■ BRIEF
Images are not part of the copy; transcribe all the data exactly.

■ RAW DATA

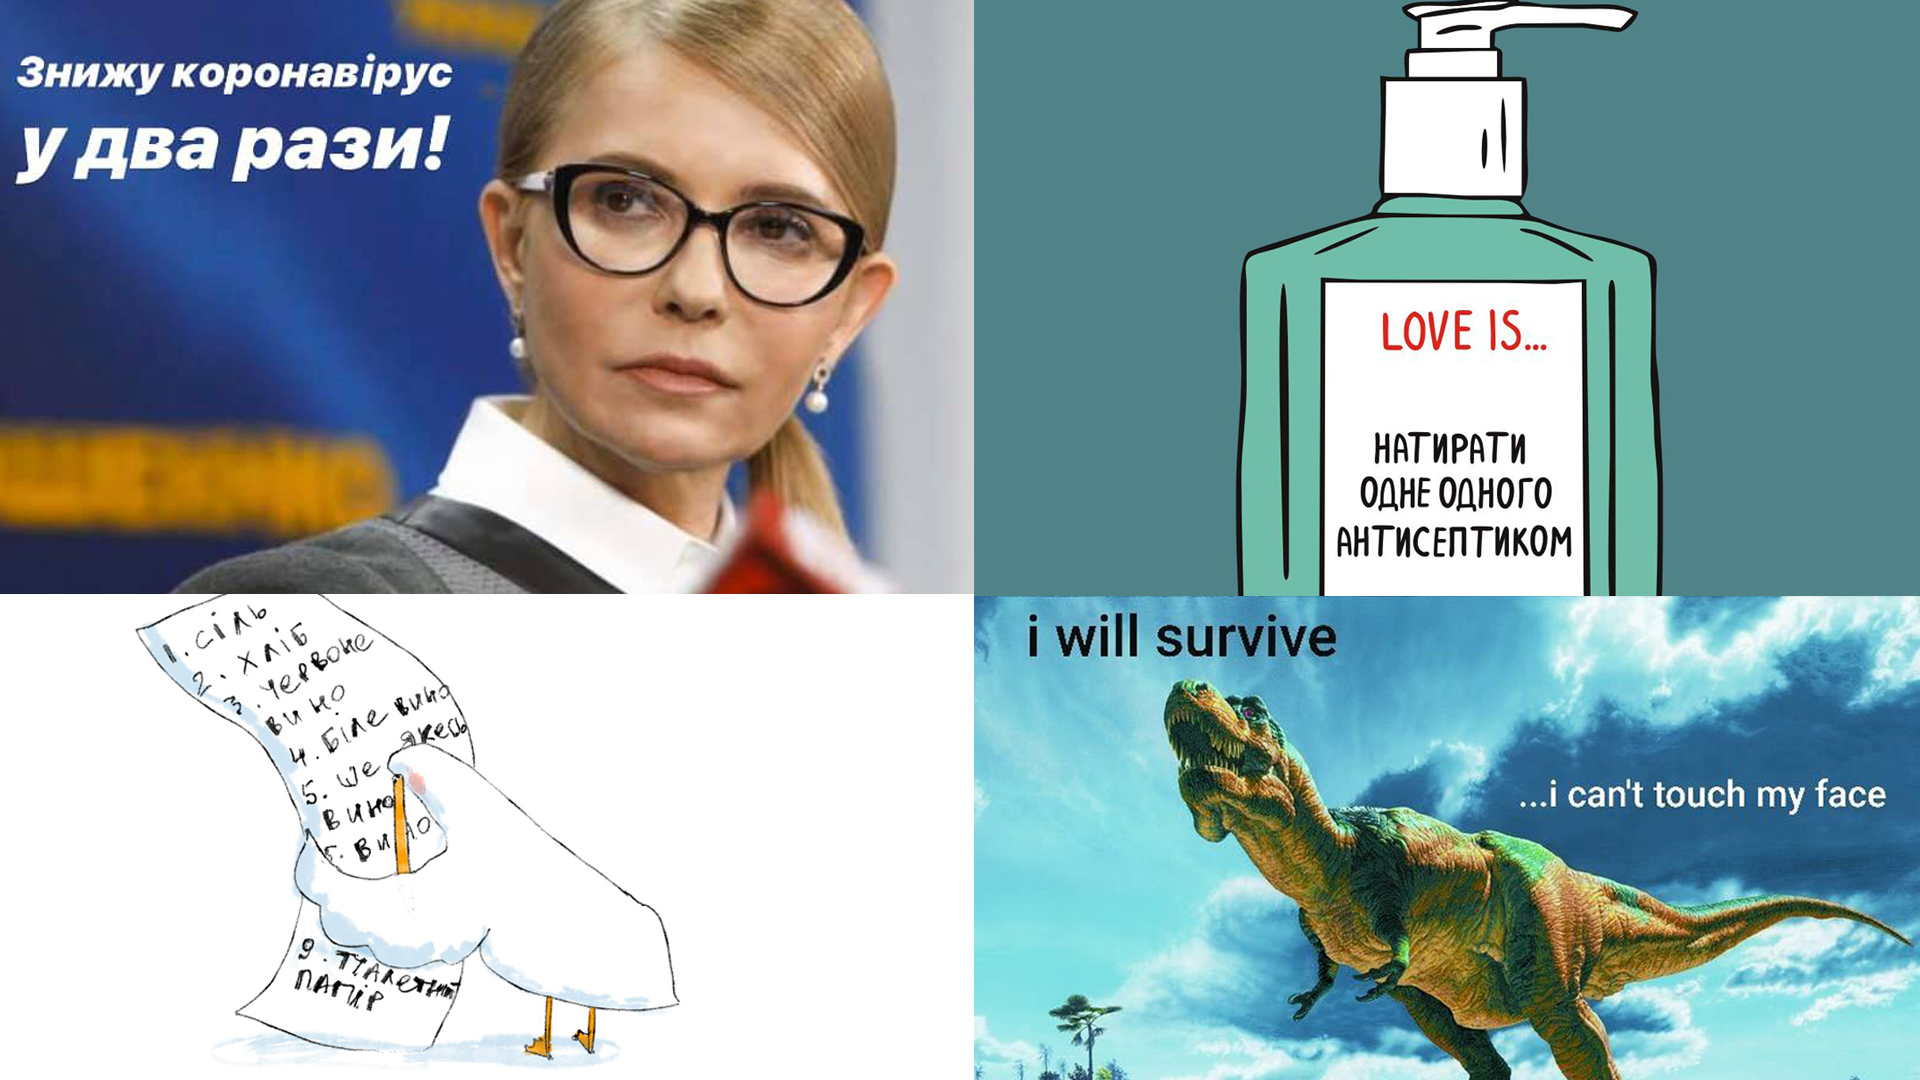 «Выживут только тираннозавры»: подборка мемов об ограничениях из-за коронавируса
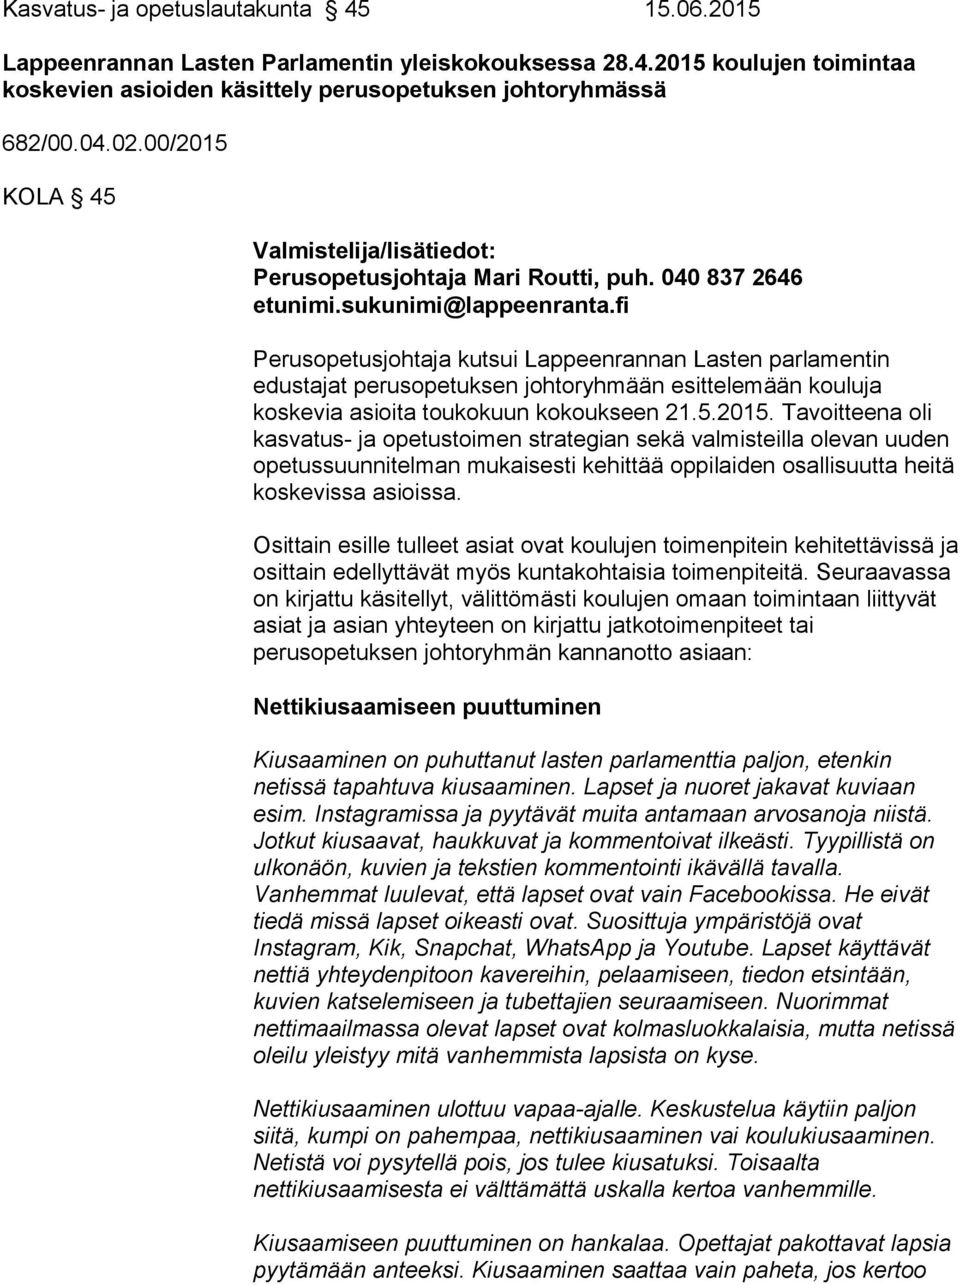 fi Perusopetusjohtaja kutsui Lappeenrannan Lasten parlamentin edustajat perusopetuksen johtoryhmään esittelemään kouluja koskevia asioita toukokuun kokoukseen 21.5.2015.
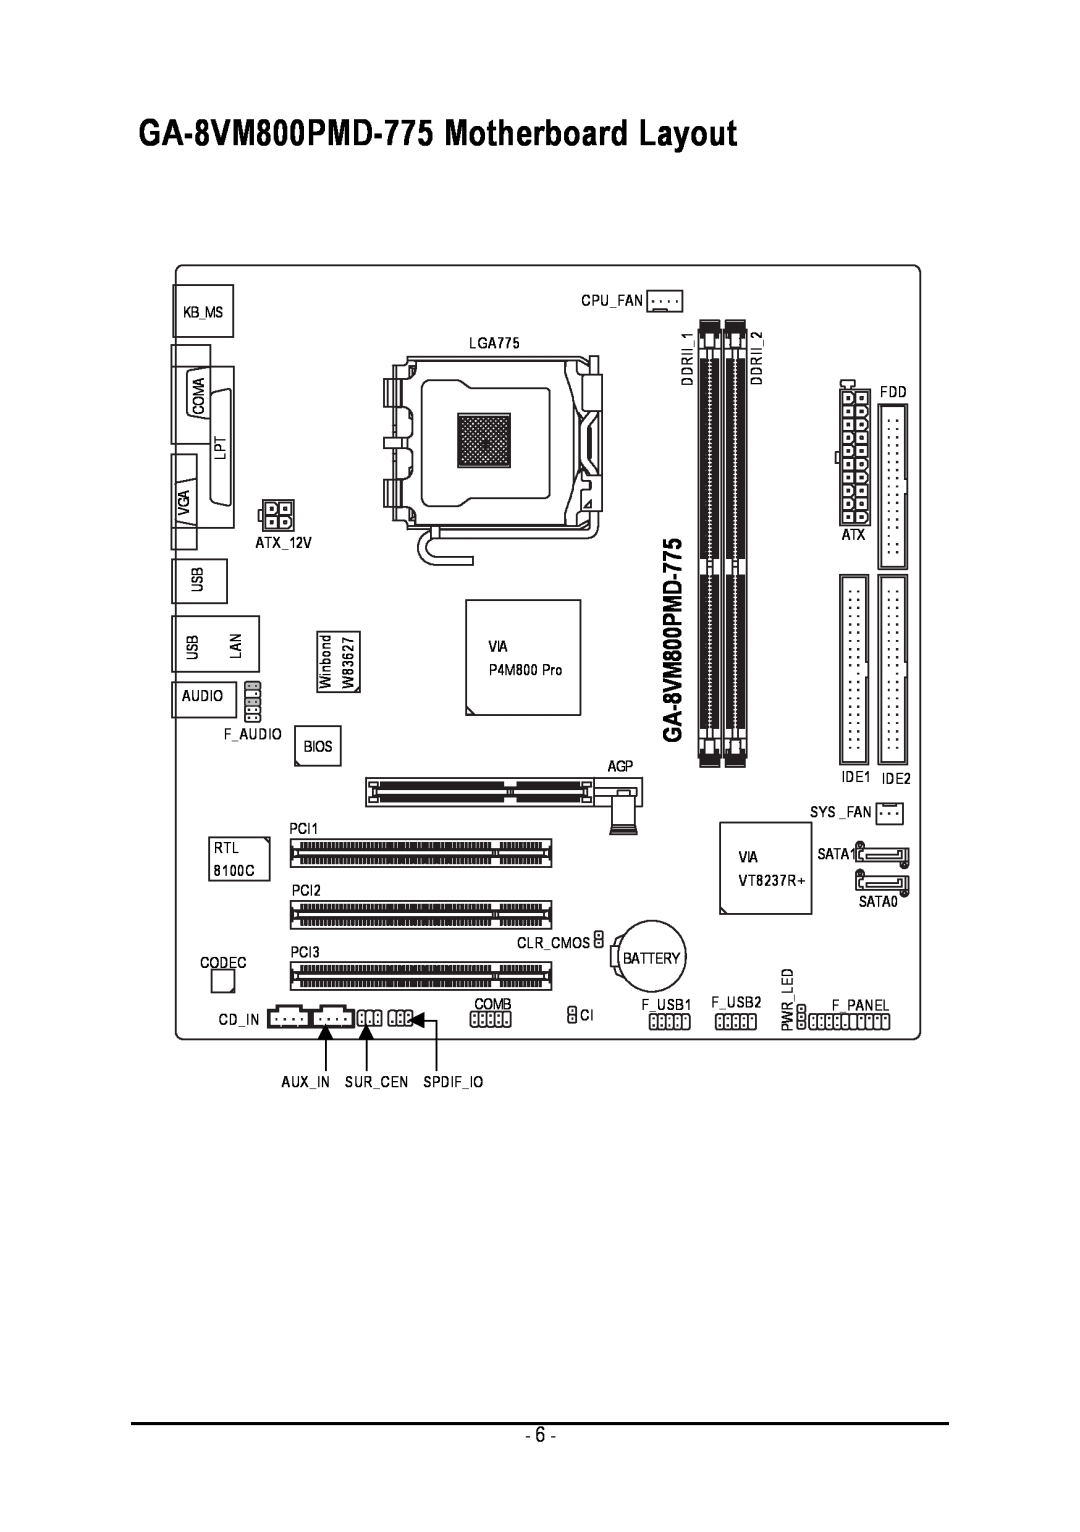 Intel user manual GA-8VM800PMD-775 Motherboard Layout, VIA775-8VM800PMD

■ TASK ANSWER
 «Выживут только тираннозавры»: подборка мемов об ограничениях из-за коронавируса
 fi Perusopetusjohtaja kutsui Lappeenrannan Lasten parlamentin edustajat perusopetuksen johtoryhmään esittelemään kouluja koskevia asioita toukokuun kokoukseen 21.5.2015.
 Intel user manual GA-8VM800PMD-775 Motherboard Layout, VIA775-8VM800PMD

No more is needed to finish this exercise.